The distillate, which comes out of the raw cannabis flower, and edible products are all tested for contaminants, which include mold, microbials, pesticides and mycotoxins.

“We also verify they’re putting in the right dosage and manufacturing everything uniformly and at the correct milligrams,” he said, noting those totals vary from one product to the next. “There’s no sampling here. We just ensure what they put into their product.”

Heartland Labs is yet to fail a test, he said, adding the turnaround time goal is three days.

Michael Pearcy said the testing time is understandable and necessary for the safety of the patients. Still, as he stood April 12 in his facility’s vault, where products are kept in a humidity- and temperature-controlled environment, he acknowledged testing was a bottleneck in the production process.

“Every product we make has to go off in batches to a state-certified testing lab,” he said, pointing to boxes containing several dozen packages of cookies. “All these cookies are waiting on test results.”

On the horizon
As more dispensaries begin to open around the state, the Pearcys expect product demand will multiply. It’s a challenge they are prepared to tackle as research and development for more products is ongoing.

Next up is a seasonal lemon sugar cookie and pineapple gummy – the latter of which was selected by customers via a social media poll, Maddie Pearcy said. Both are expected to debut by the end of May.

“That’s plenty,” Michael Pearcy said of the company’s product roster, which would reach near a dozen next month.

His daughter agreed, but quickly added that the flow of ideas and collaboration among staff is encouraged.

“There’s just a world of options.
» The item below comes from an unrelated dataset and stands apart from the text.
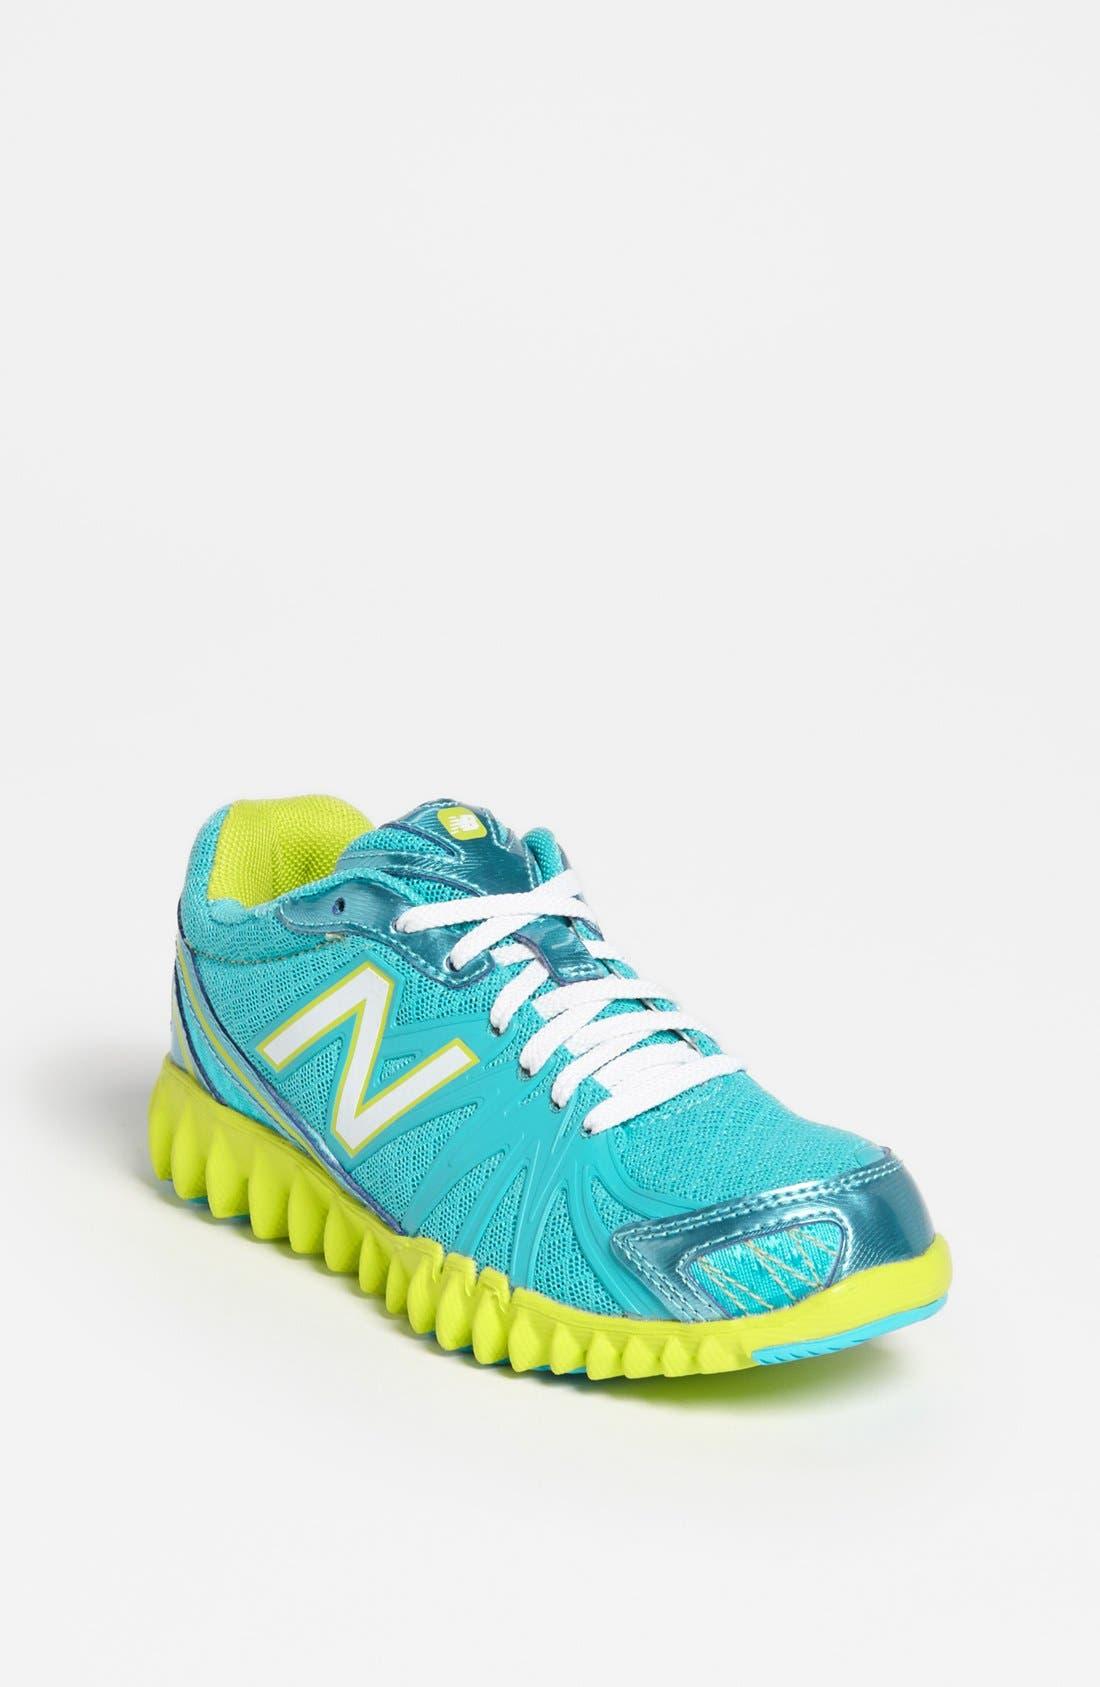 Alternate Image 1 Selected - New Balance 'Takedown 2750' Running Shoe (Toddler, Little Kid & Big Kid)
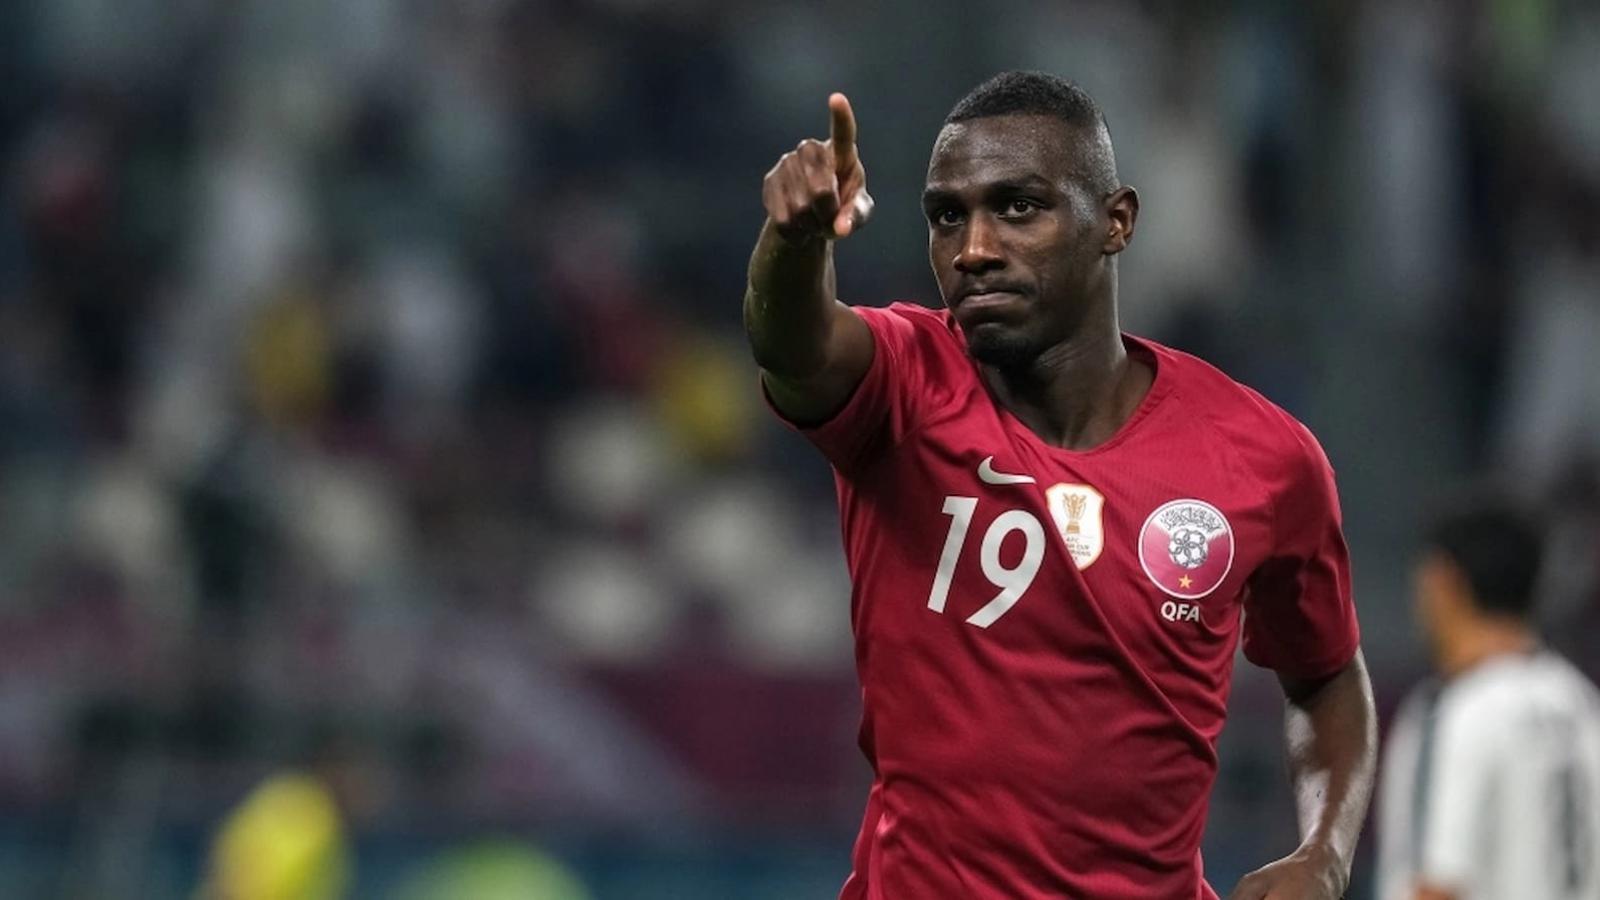 Qatar's Al Moez Ali first footballer to score in three continental tournaments

But we don’t want to sacrifice our quality,” she said. “We’d so much rather have quality over quantity.”

The family members agree: Just because the products are medicinal doesn’t mean they have to taste like medicine.

“We understand that if a patient is eating three or four (gummies or cookies) to get the relief that they need of THC, gosh, you don’t want to eat something that tastes like metal,” Michael Pearcy said. “You want it to be something they really don’t mind doing.

“That’s the whole point of everything we do here – to try and give the patient the relief that they need and make it a pleasurable experience.”